* [Description of the task]
Set the data down exactly as it stands, and keep its pictures out.

Data below: Begin

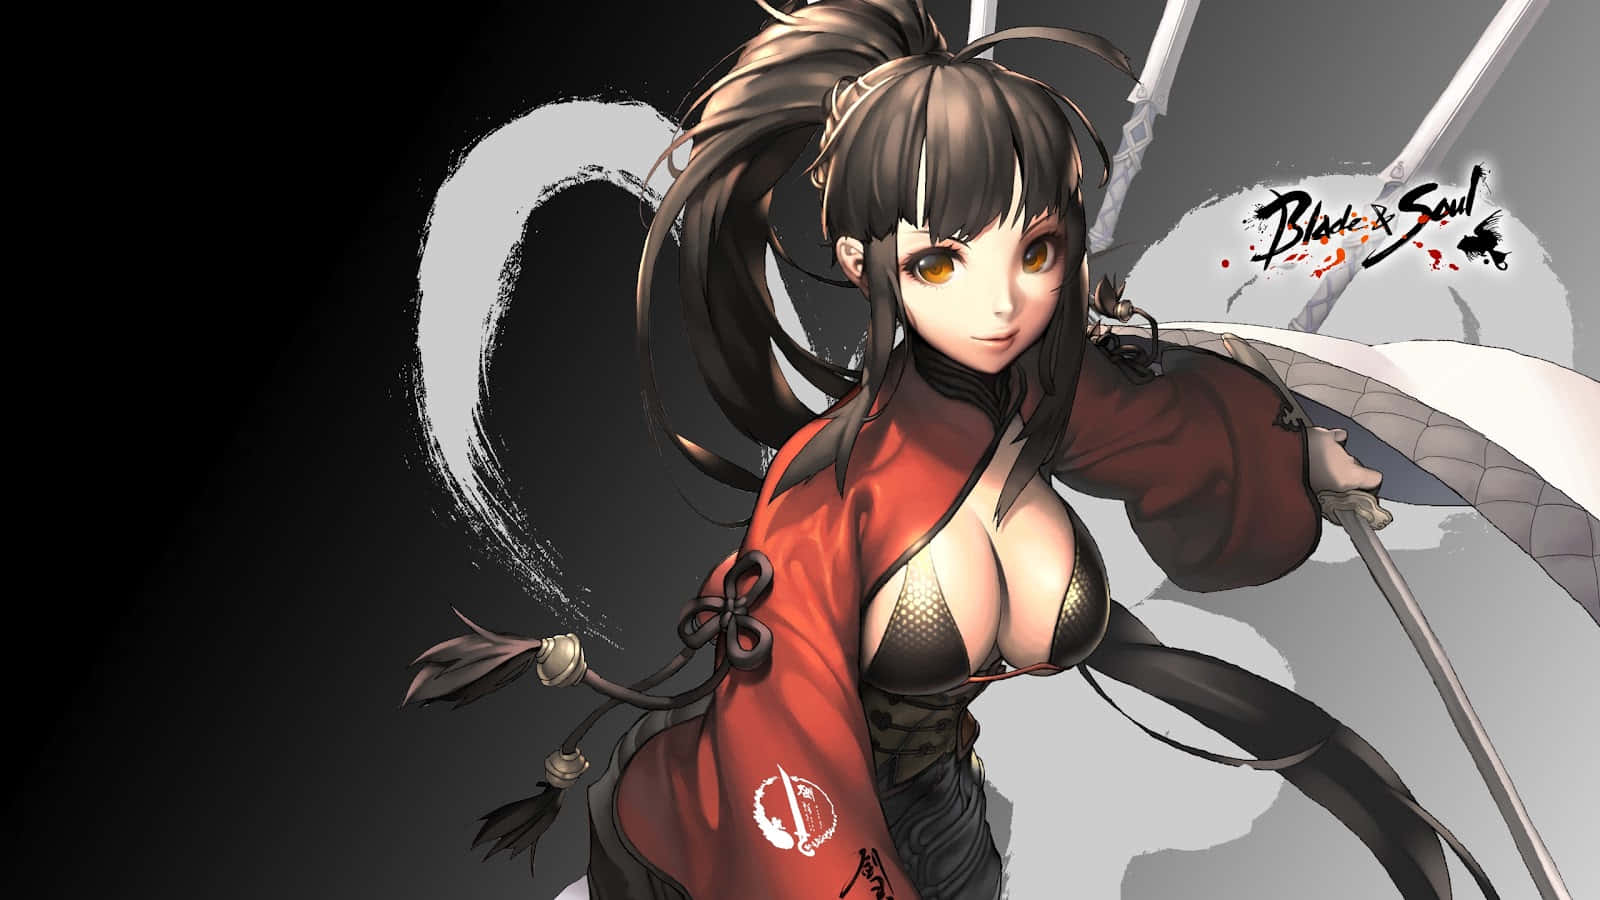 Assasin From Blade And Soul Anime Wallpaper
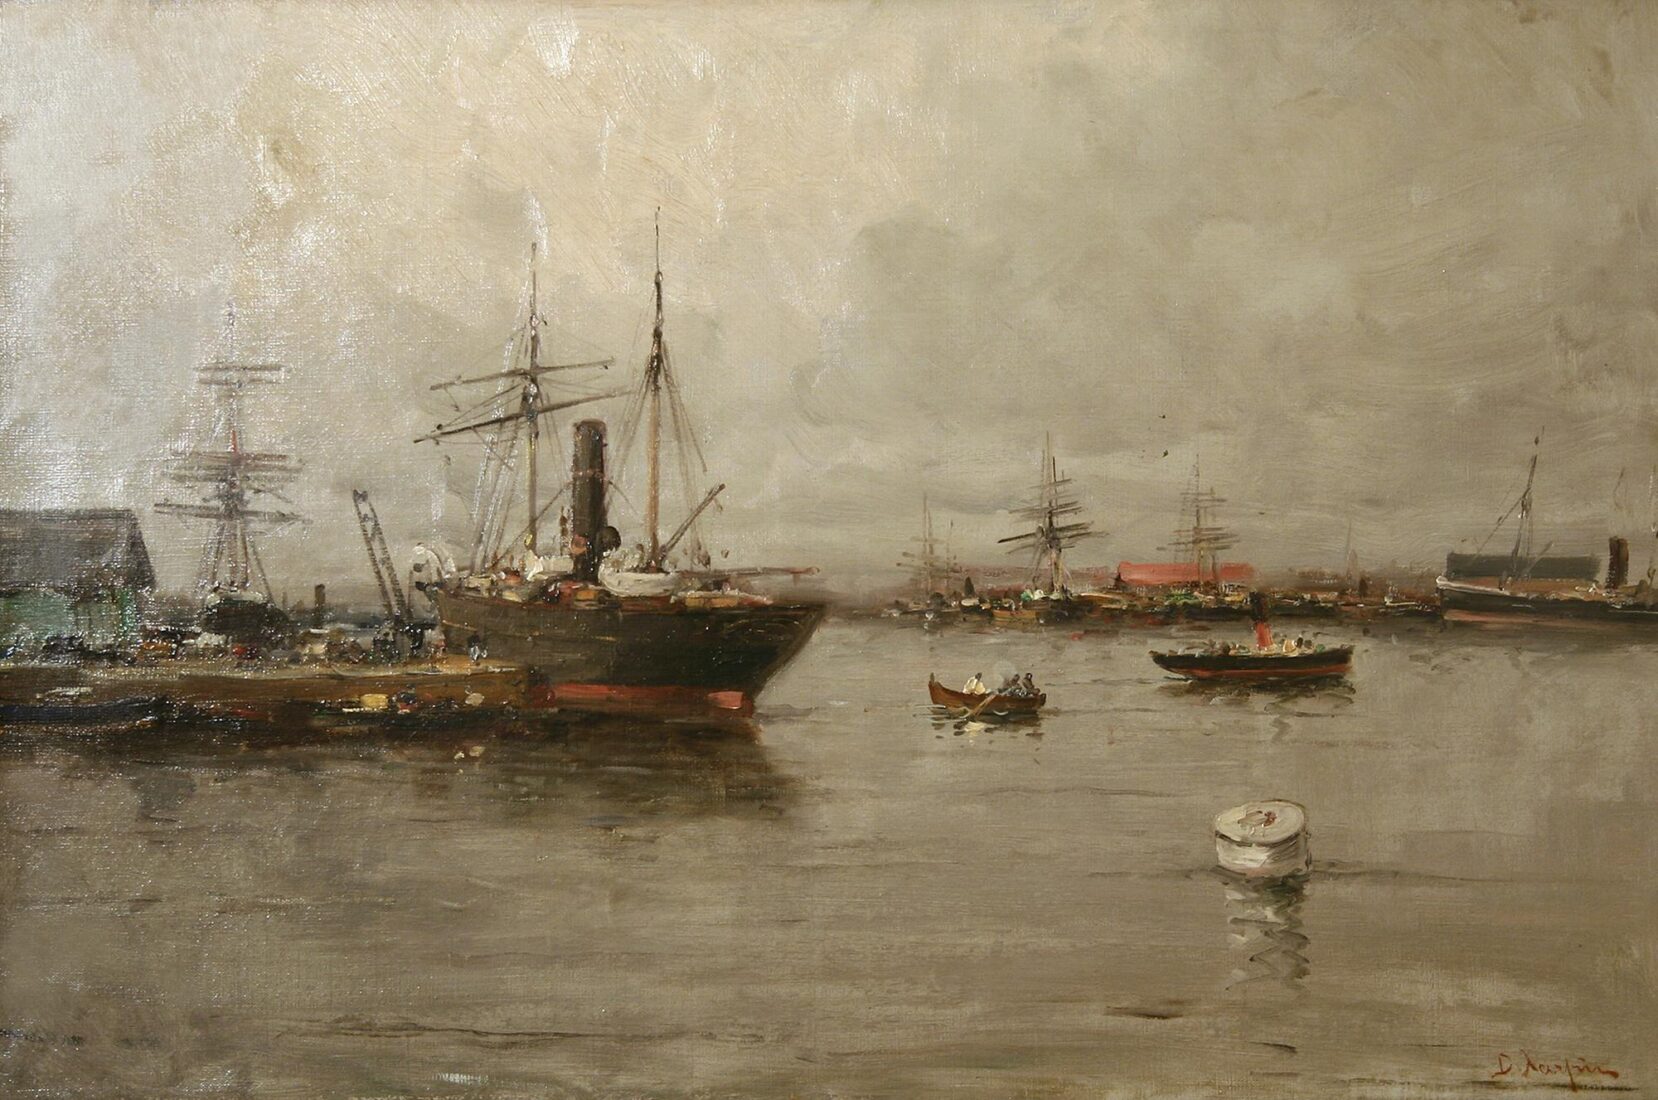 Harbour with Steamships and Sailboats - Chatzis Vasileios
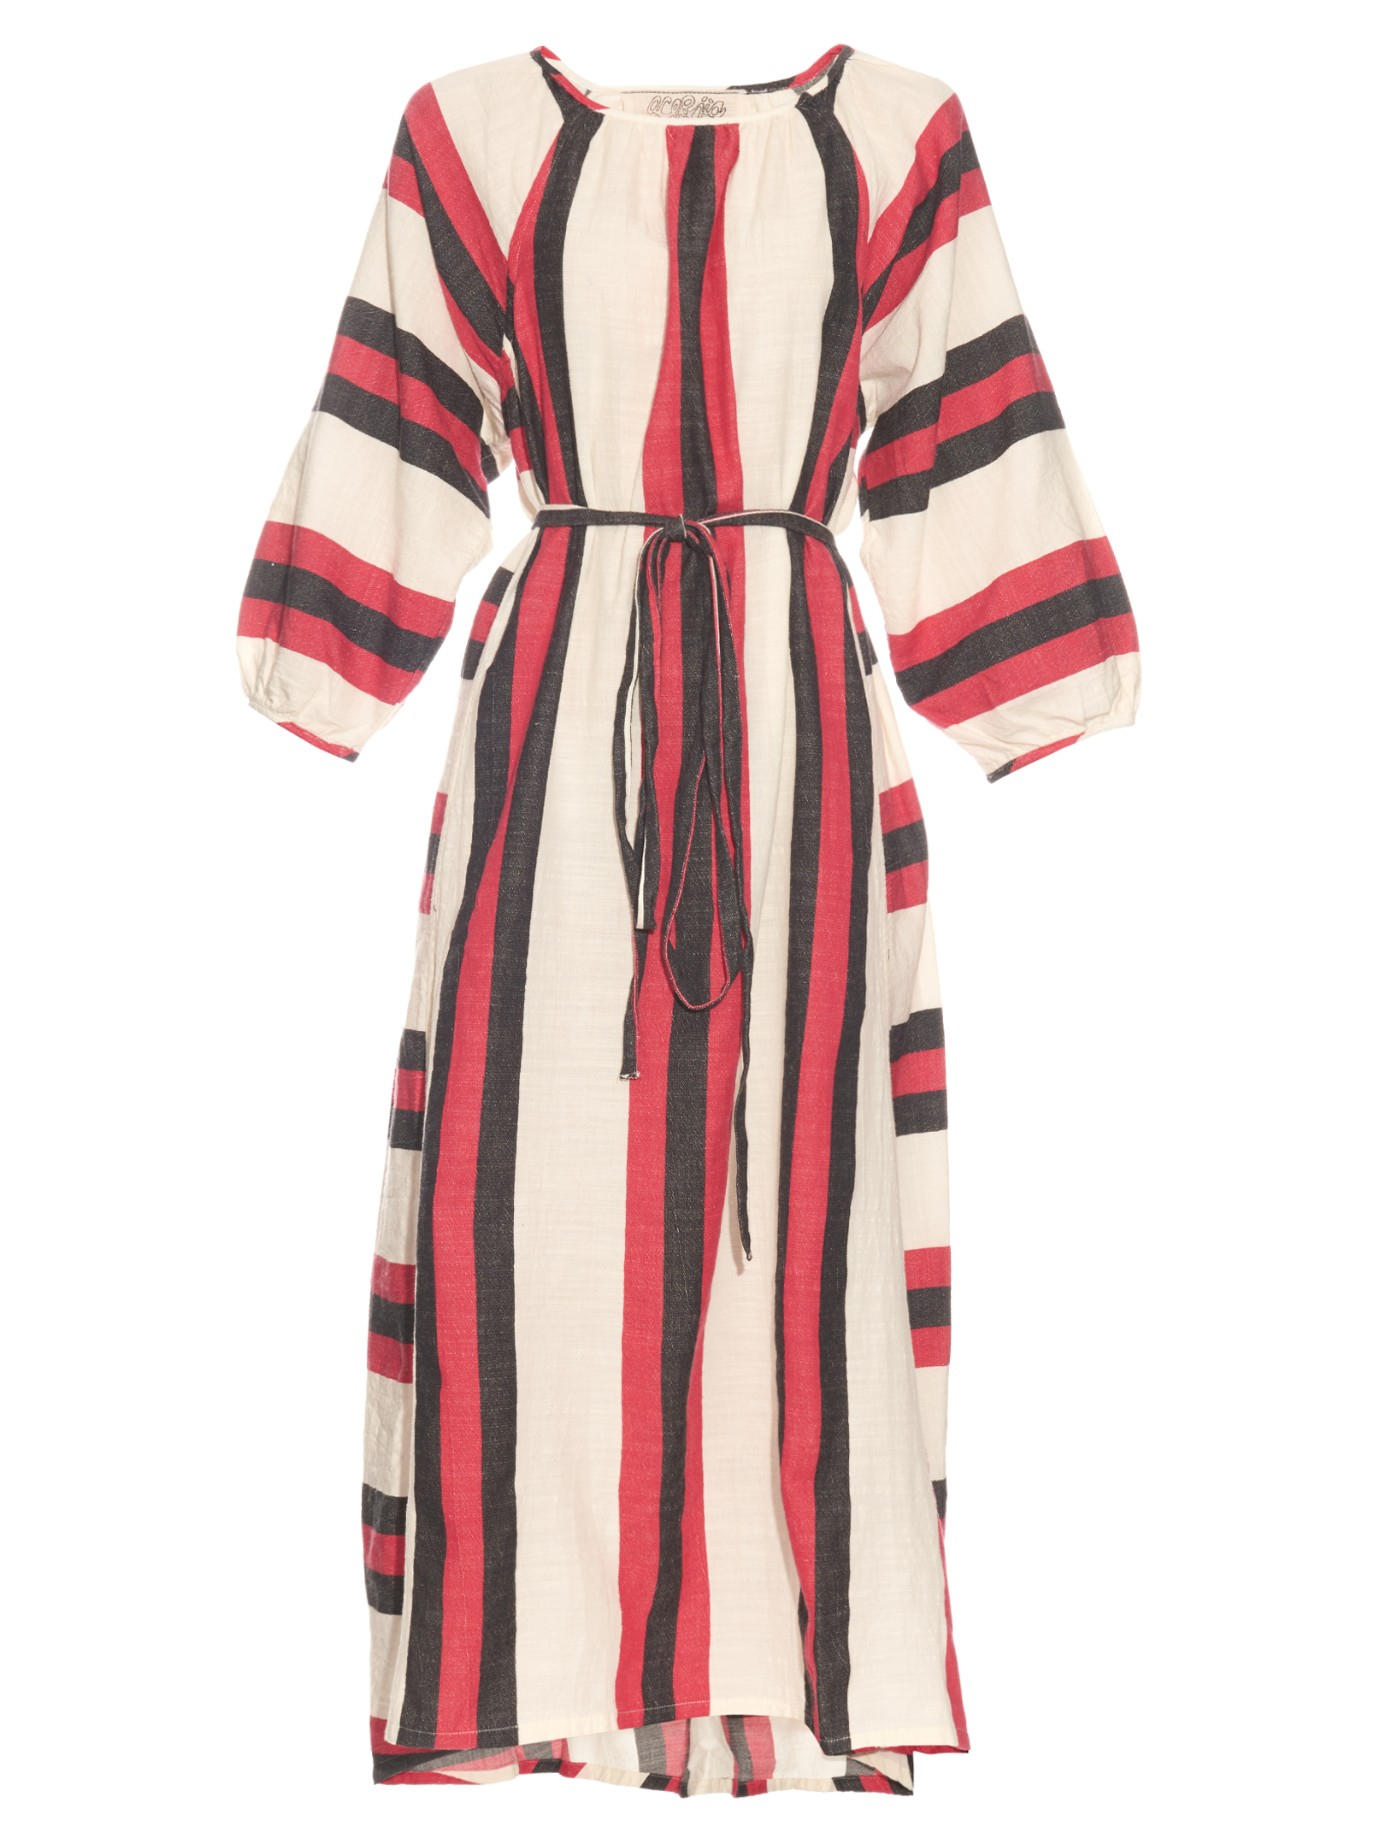 Ace & Jig Heather Striped Cotton Dress in Red White (Red) - Lyst
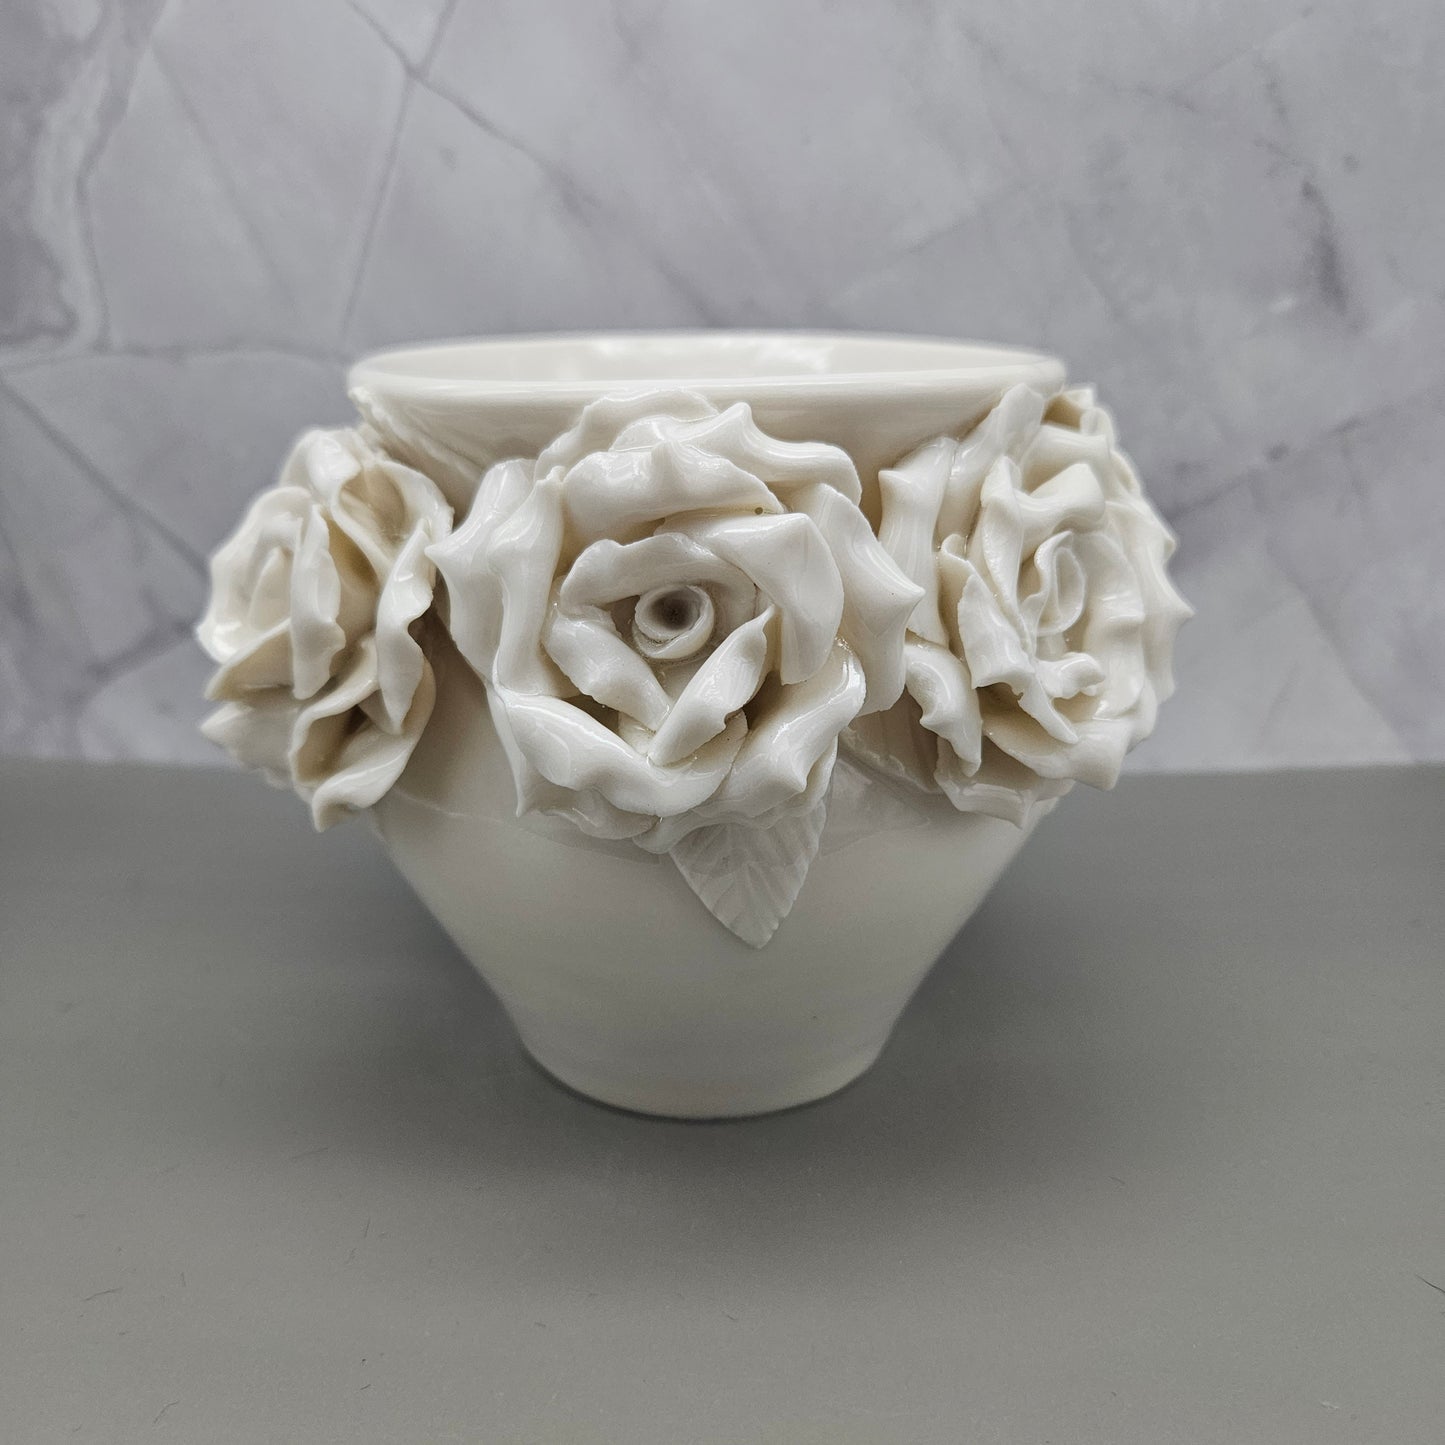 White Frost 4 inch tall rose vase

Data below: End

* [Solution to the exercise]
 Assasin From Blade And Soul Anime Wallpaper
 Harbour with Steamships and Sailboats - Chatzis Vasileios
 Ace & Jig Heather Striped Cotton Dress in Red White (Red) - Lyst
 White Frost 4 inch tall rose vase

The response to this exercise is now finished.